Lets put the whole thing together and watch a blood cell flow through your veins. Start off with it full of Oxygen. Prepped up and ready to go. It leaves your lungs (where there's lots of oxygen) and goes through your arteries, and down to your tissues, like muscle tissue. It gets there and "WHOA, what's all this carbonic acid doing here, oh no, the H+'s and Chloride Cl-'s are making me change shape and dump out all my Oxygens!! Oh man! Now I'm stuck in this lame party carrying all this dead weight extra HCO3-, H+, and Cl-, and all I wanted was my good friend Oxygen." A short while later, it gets back to your lungs, and "Hey, lots of Oxygen, and not a lot of Carbon Dioxide! Look! The HCO3- and H+'s pop back into water and carbon dioxide so that new carbon dioxide molecules can go populate the atmosphere!!" And with them gone, the oxygen flows in smoothly.
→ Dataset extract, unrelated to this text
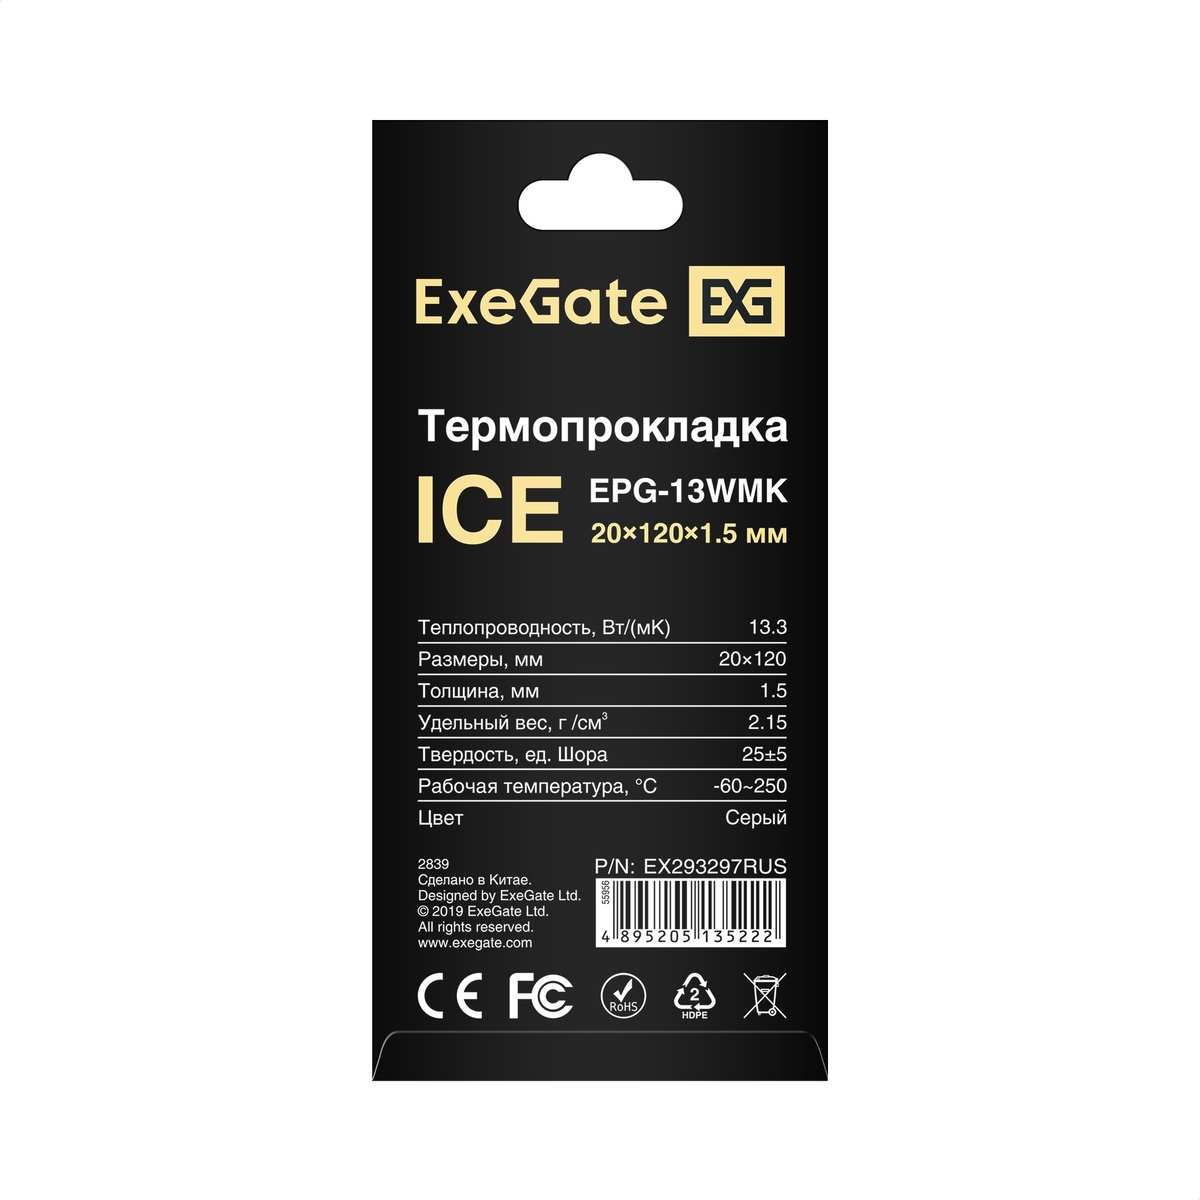  ExeGate Ice EPG-13WMK 20x120x1.5
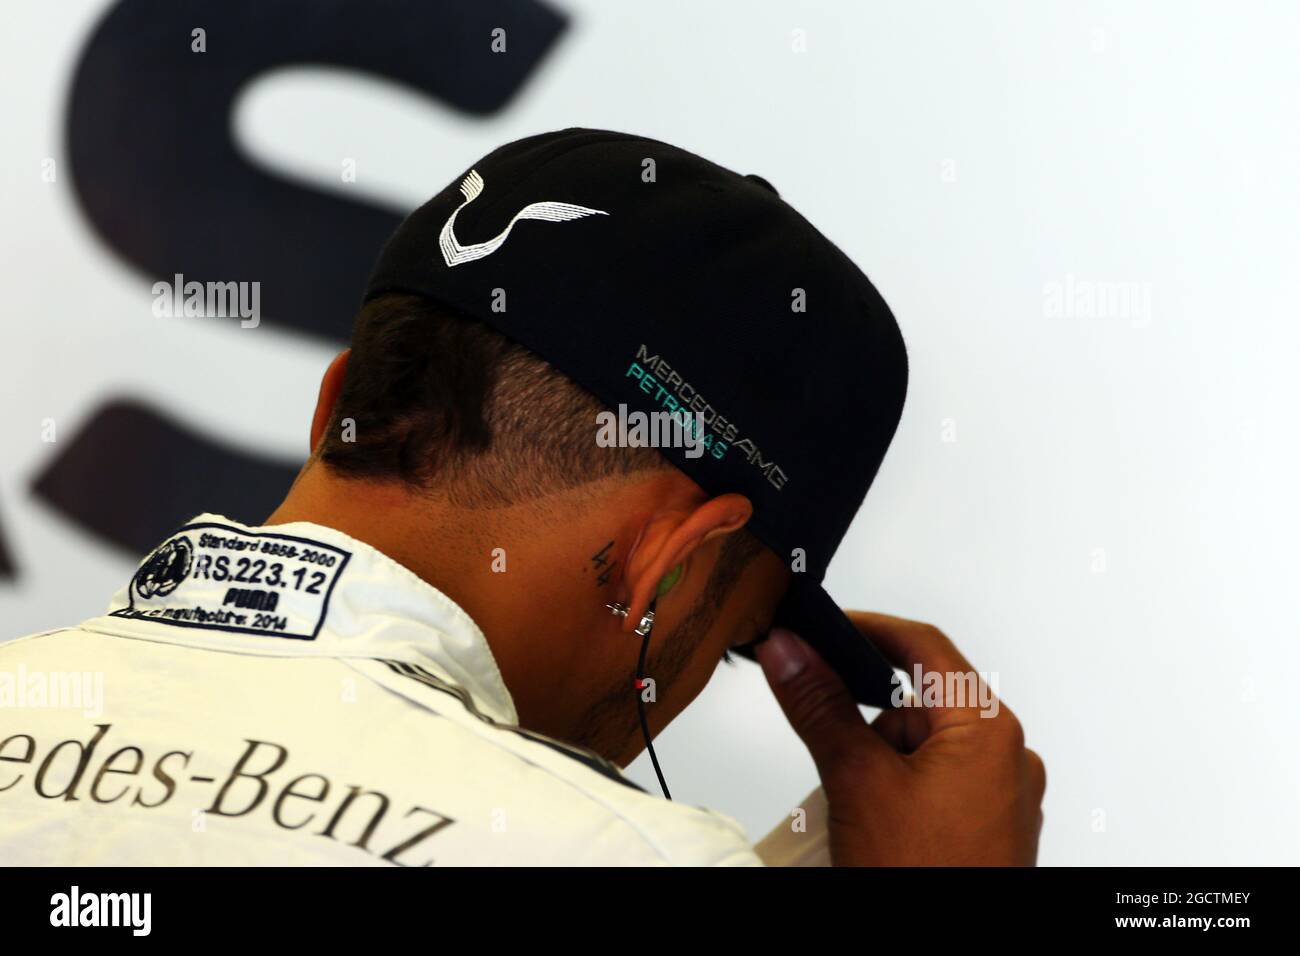 Lewis Hamilton (GBR) Mercedes AMG F1 avec un tatouage de 44 près de son oreille. Grand Prix d'Autriche, vendredi 20 juin 2014. Spielberg, Autriche. Banque D'Images

Thus, in this manner, blood drops off oxygen where it's most needed and not where it's not needed. Way cool, isn't it?!?!? What's DOUBLY SUPER amazing is that somewhere in your tons of DNA is a specific set of nucleotides arranged in the right order, to make a "code", so that when amino acids match up with the code, it spells out the right order of amino acids that they clump up into a blob the way they like and act just like hemoglobin! Why, it would be hemoglobin! How'd the code get formed?? That's a long story and took 4 billion years or so. Or at least 7 creative periods or days, whichever you prefer.